После ужина прилегли, разговорились мало-помалу, за окном уже стемнело, ничего не было видно. Потекла неспешная беседа, попутчик оказался приятным собеседником и знал много удивительных историй. Звали его Романом Александровичем, был он геологом и сейчас возвращался с очередной командировки. Потихоньку темы разговора перетекли в область неизведанного и необъяснимого. Данил рассказал Роману Александровичу парочку историй из деревенского фольклора, тот внимательно выслушал, поцокал языком, покачал головой, а потом, немного помолчав, сказал:

 Со мной тоже случались разные вещи подобного характера. Поездил я за свою жизнь немало, и по дальним странам и по дремучей тайге, где только не был, чего только не повидал. Потому и тебе верю, и историям твоим. В жизни, мой друг, всякое бывает, ой как много ещё вокруг нас неразгаданных явлений и фактов. Некоторые случаи особо запоминаются. И не просто запоминаются, а разделяют жизнь на до и после. Расскажу я тебе об одном из них, коль не против.


 Да отчего же против, с радостью послушаю,  подхватился Данил,  Ехать нам ещё долго, время скоротаем.

И Роман Александрович, вздохнув, и прищурив глаза, словно устремляя взгляд в то время, о котором пойдёт сказ, начал:

 Было это в то время, когда Советский Союз ещё не развалили. Хорошее время было, устойчивое. Не боялись мы тогда завтрашнего дня, смело смотрели в будущее. Ну да речь не о том.


Было мне тогда двадцать четыре года, молодой совсем, недавно институт закончил. По распределению отправили меня, свежеиспечённого специалиста, в город N. Места там нелюдные, малоизученные  степи на много километров кругом, редкие перелески. И вот поехали мы с бригадой на место работы, располагалось оно километрах в семидесяти от того самого города.

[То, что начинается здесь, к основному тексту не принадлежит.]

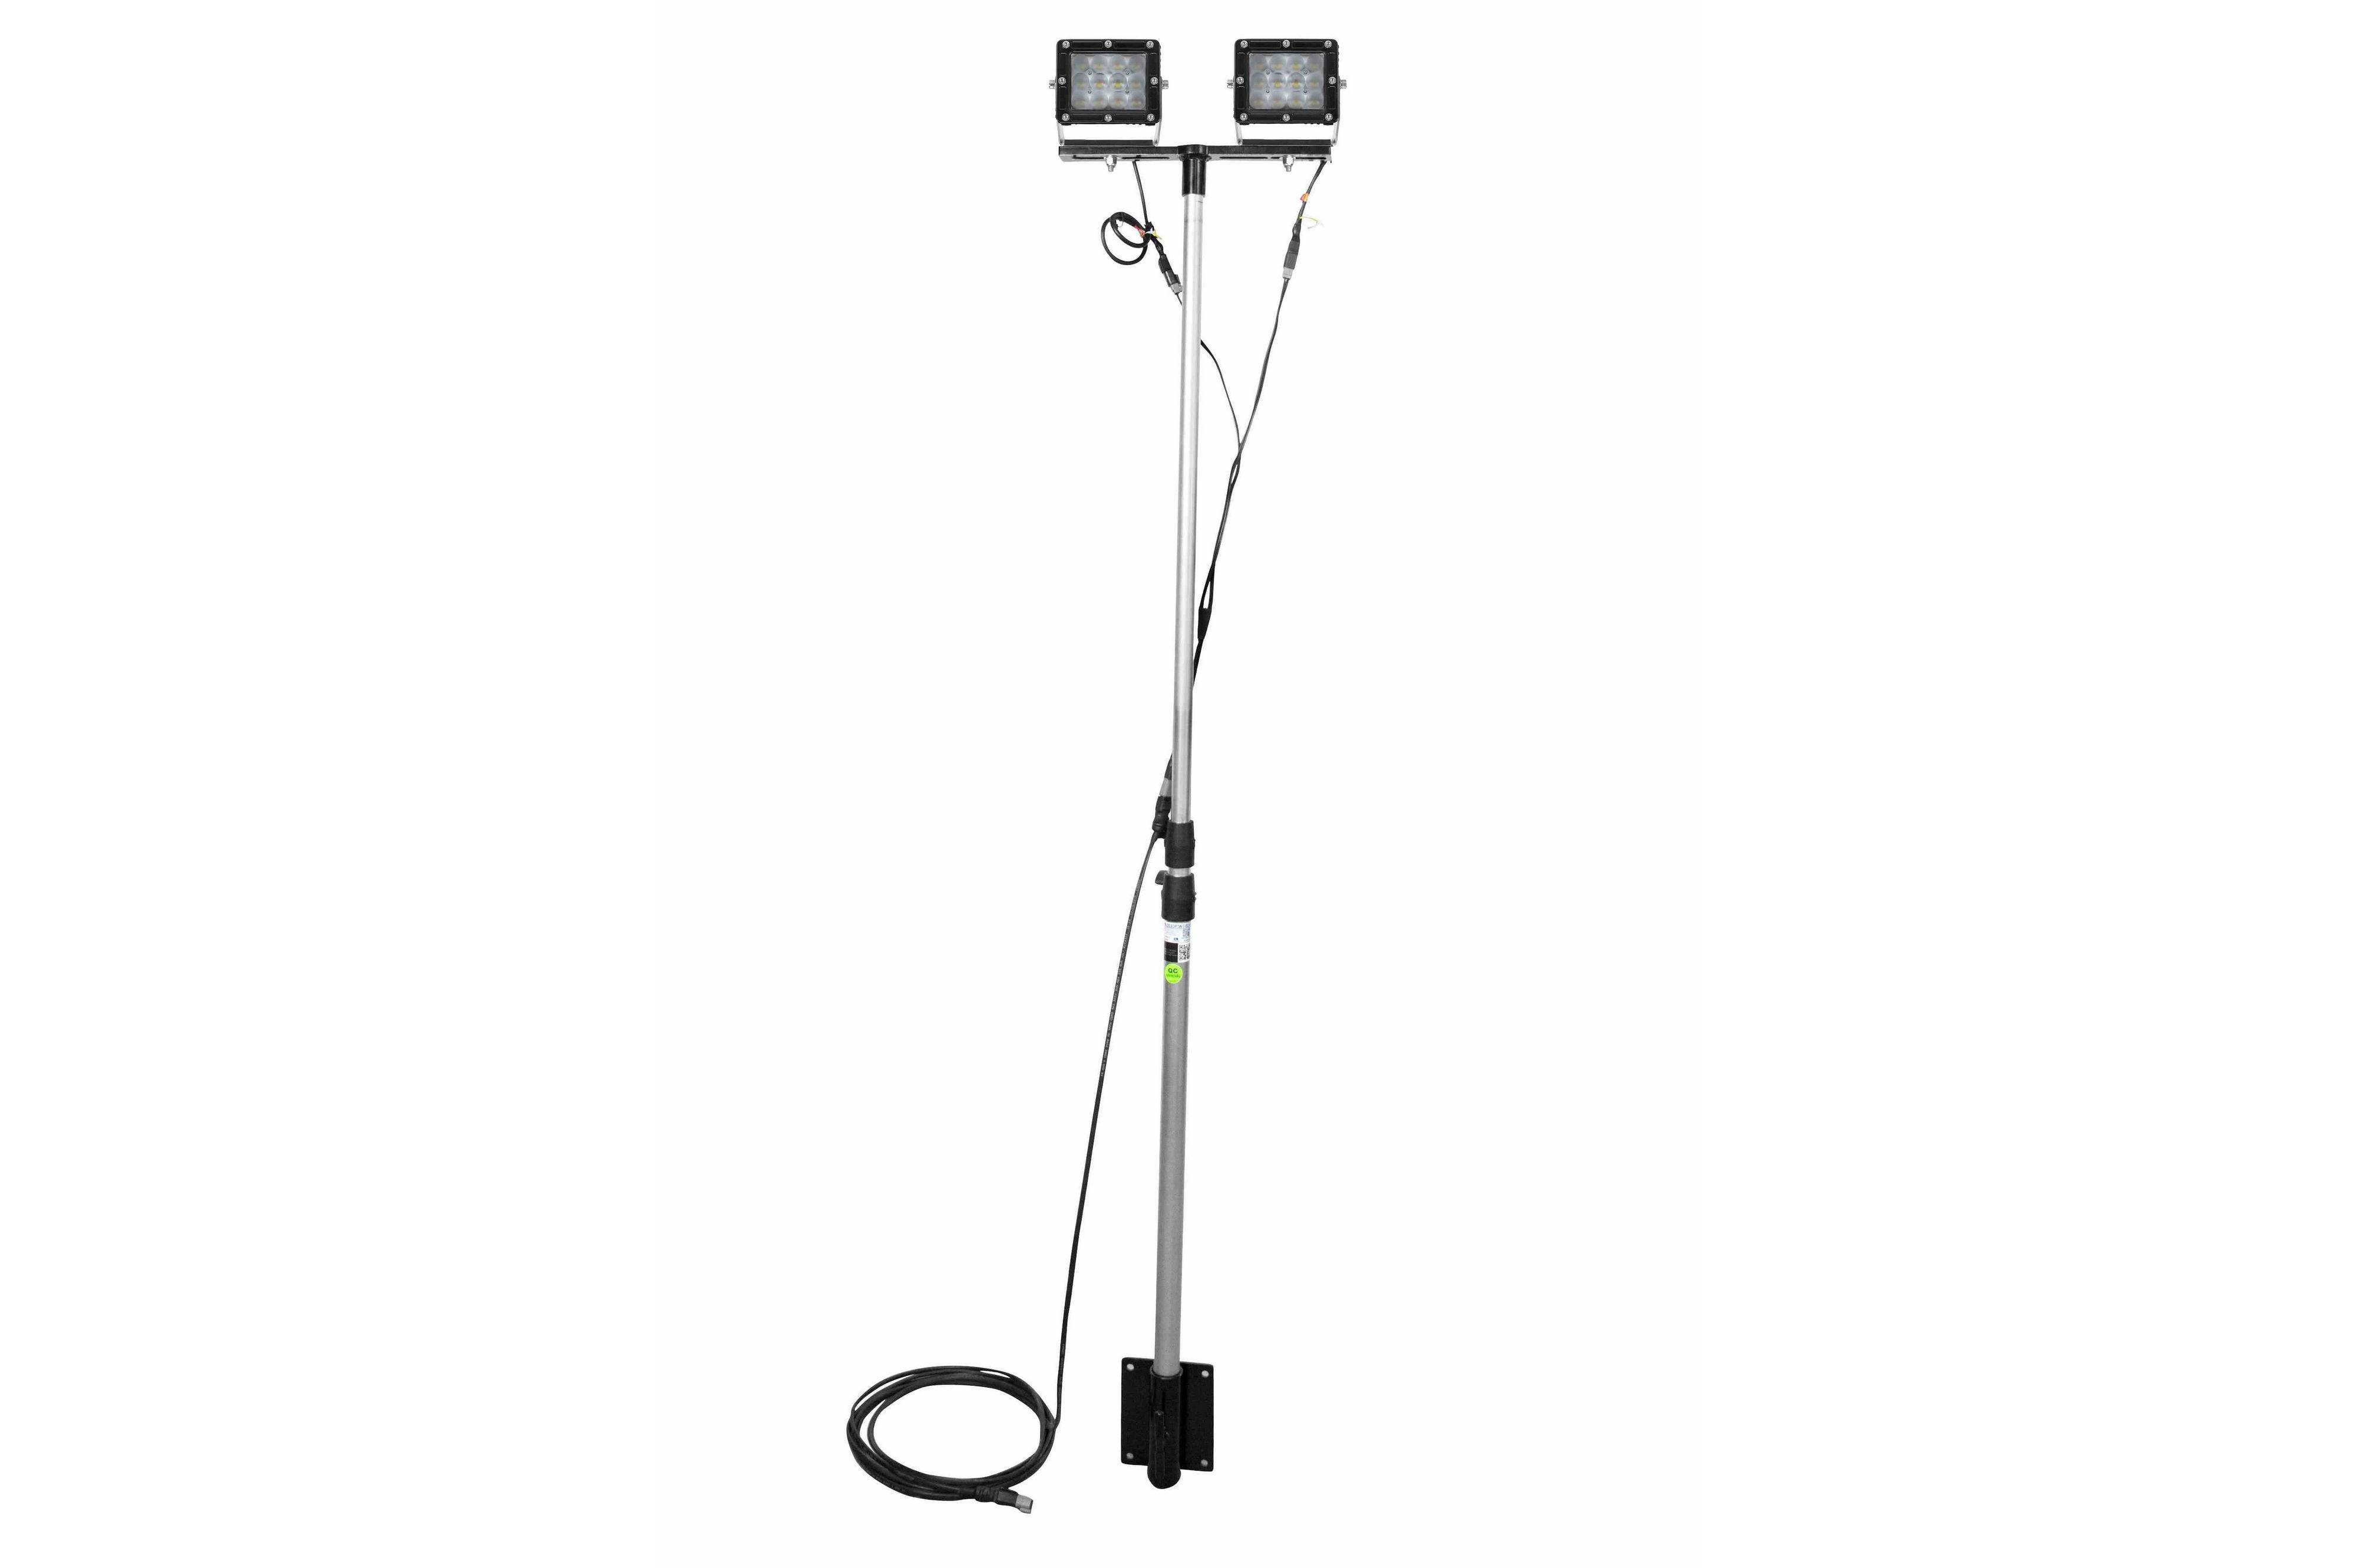 120w Led Pole Light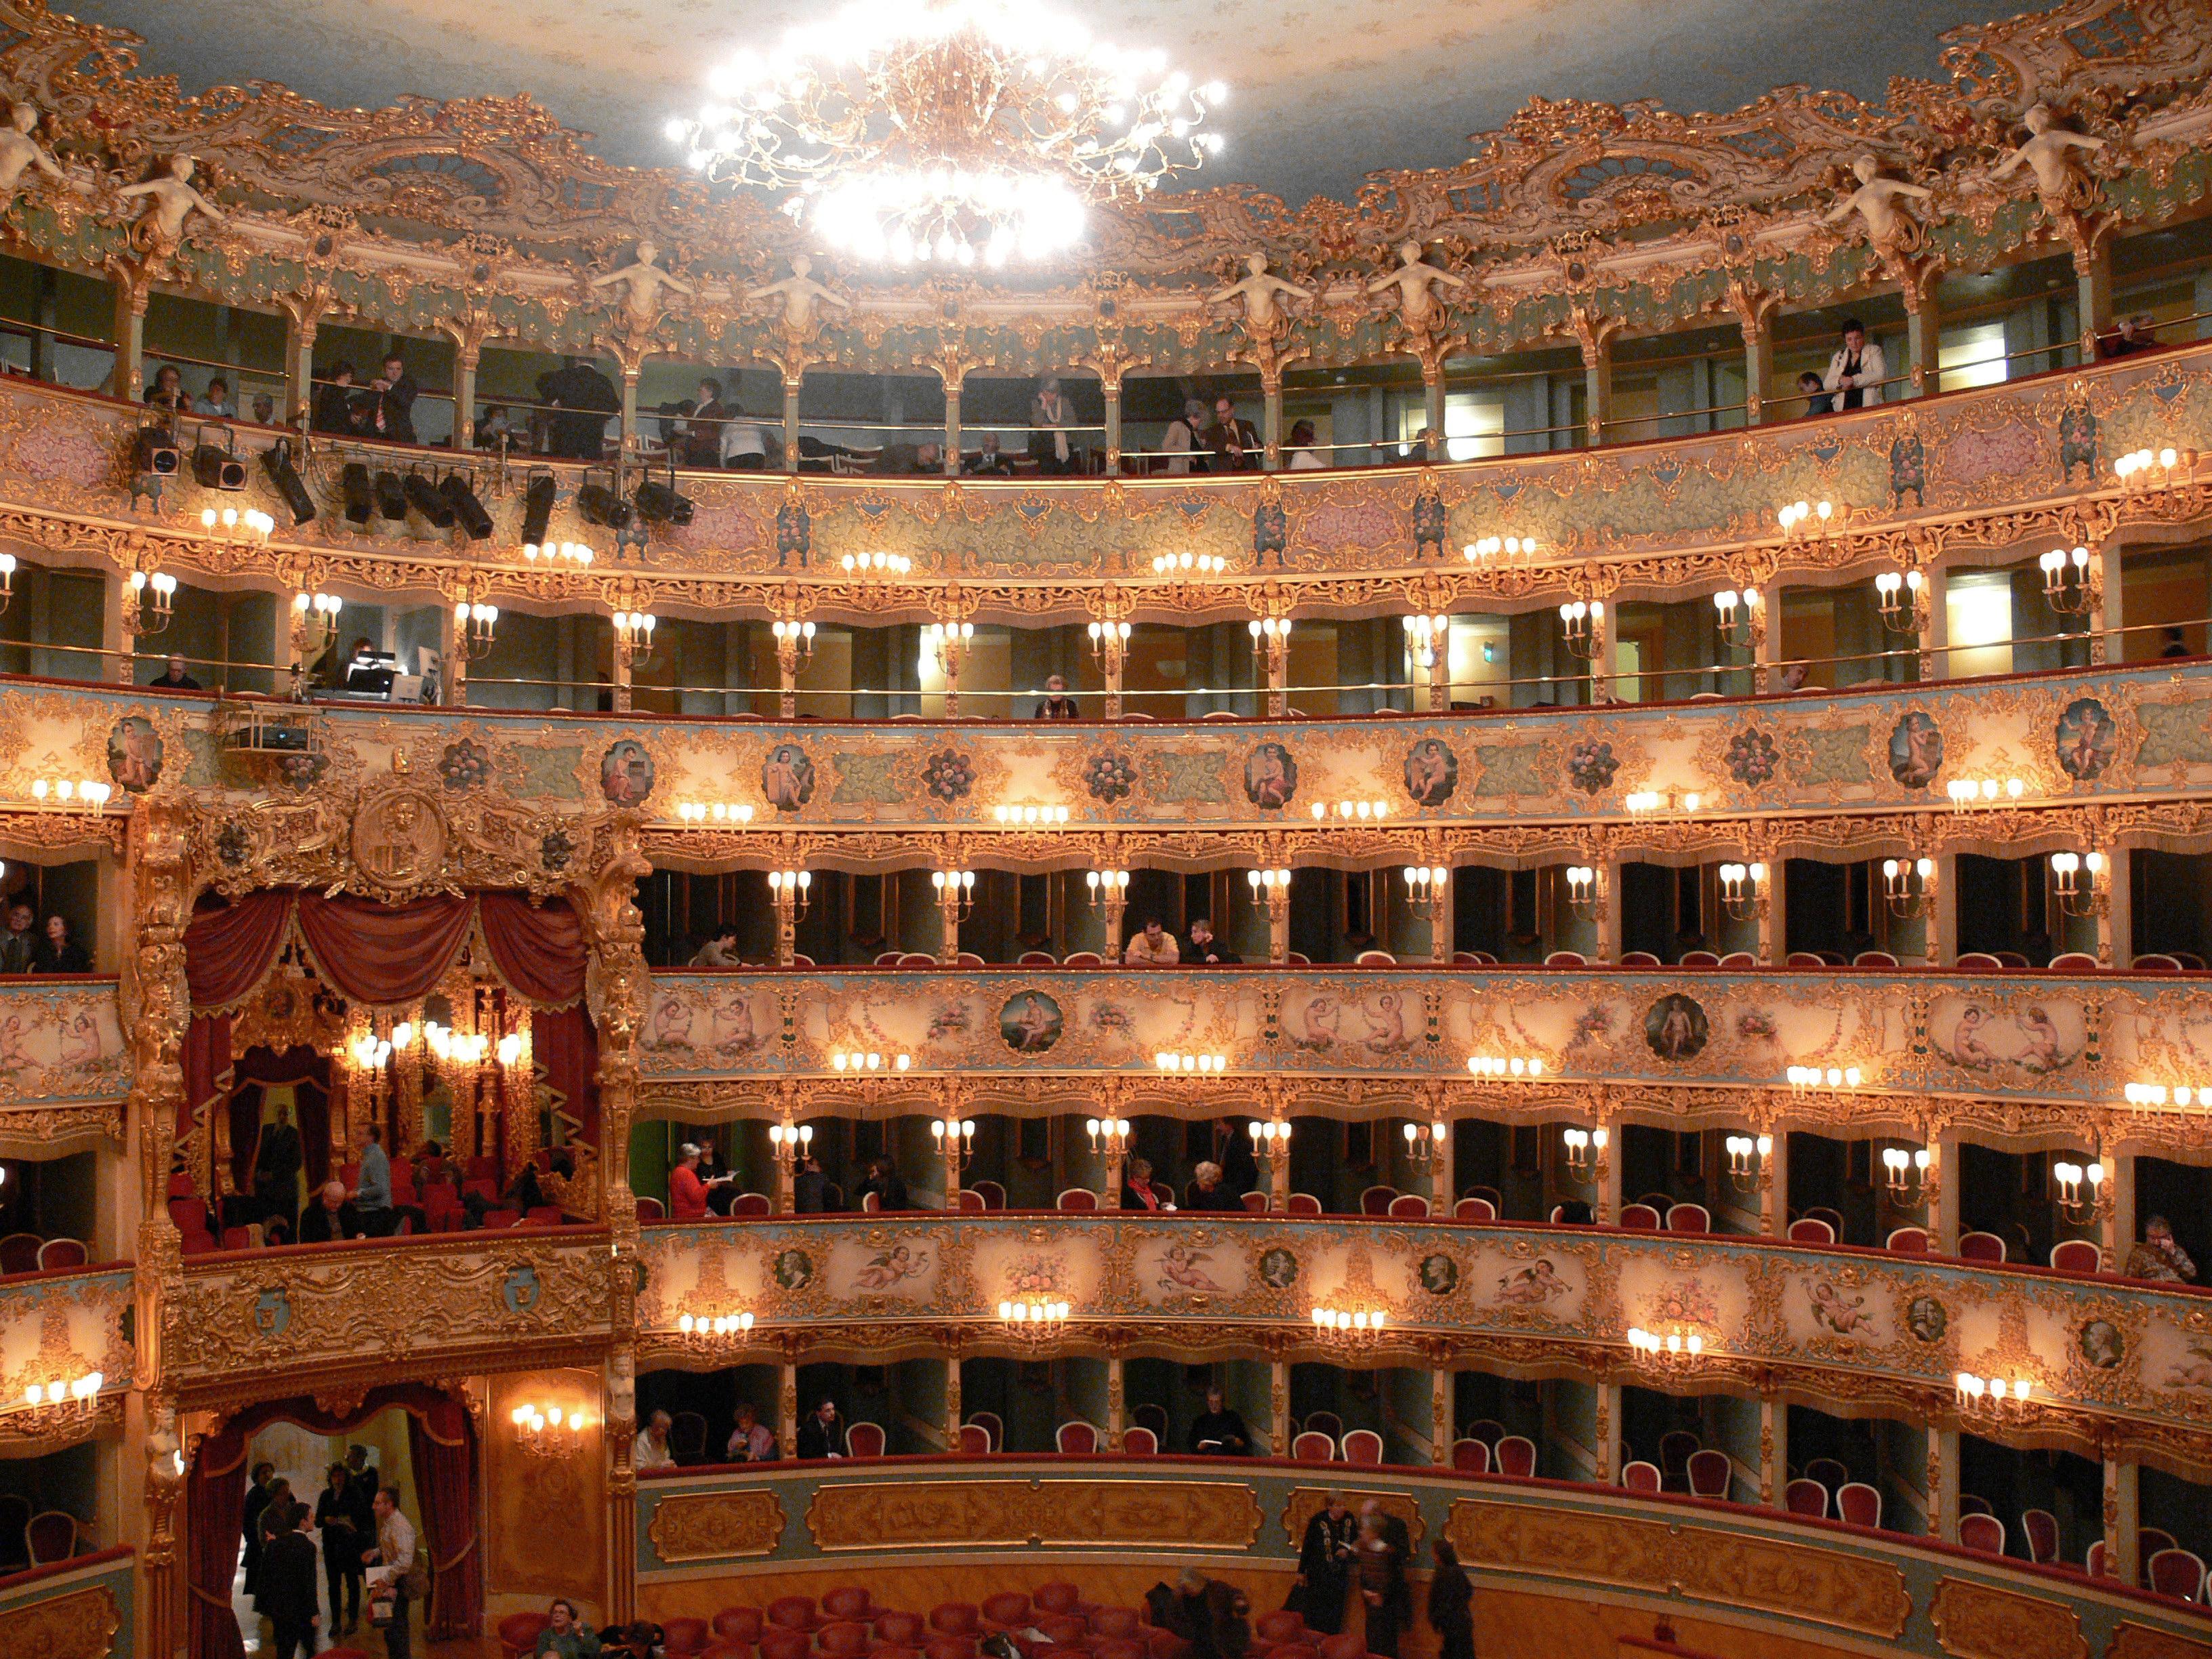 La guerra dei concerti: diretta con La Fenice Muti dirige in differita

В том месте горный хребет шёл, словно ожерелье, окружал полукругом равнину. У подножия гор разбили мы лагерь, поужинали и легли спать, а с утра решили начать исследование местности. Меня, как геолога, интересовали пробы почвы, воды, состав горных пород. Переночевали спокойно, и утром, разбившись по двое, отправились в горы.


Снаряжение там особое не требовалось, горы были пологие, невысокие, однако простирались на далёкие расстояния. Заберёшься на такой холм, встанешь, поглядишь вперёд, а перед тобой будто каменное море со вздыбившимися волнами  до куда глаз хватает холмы да холмы, с одиноко торчащими то тут, то там ёлочками, да соснами.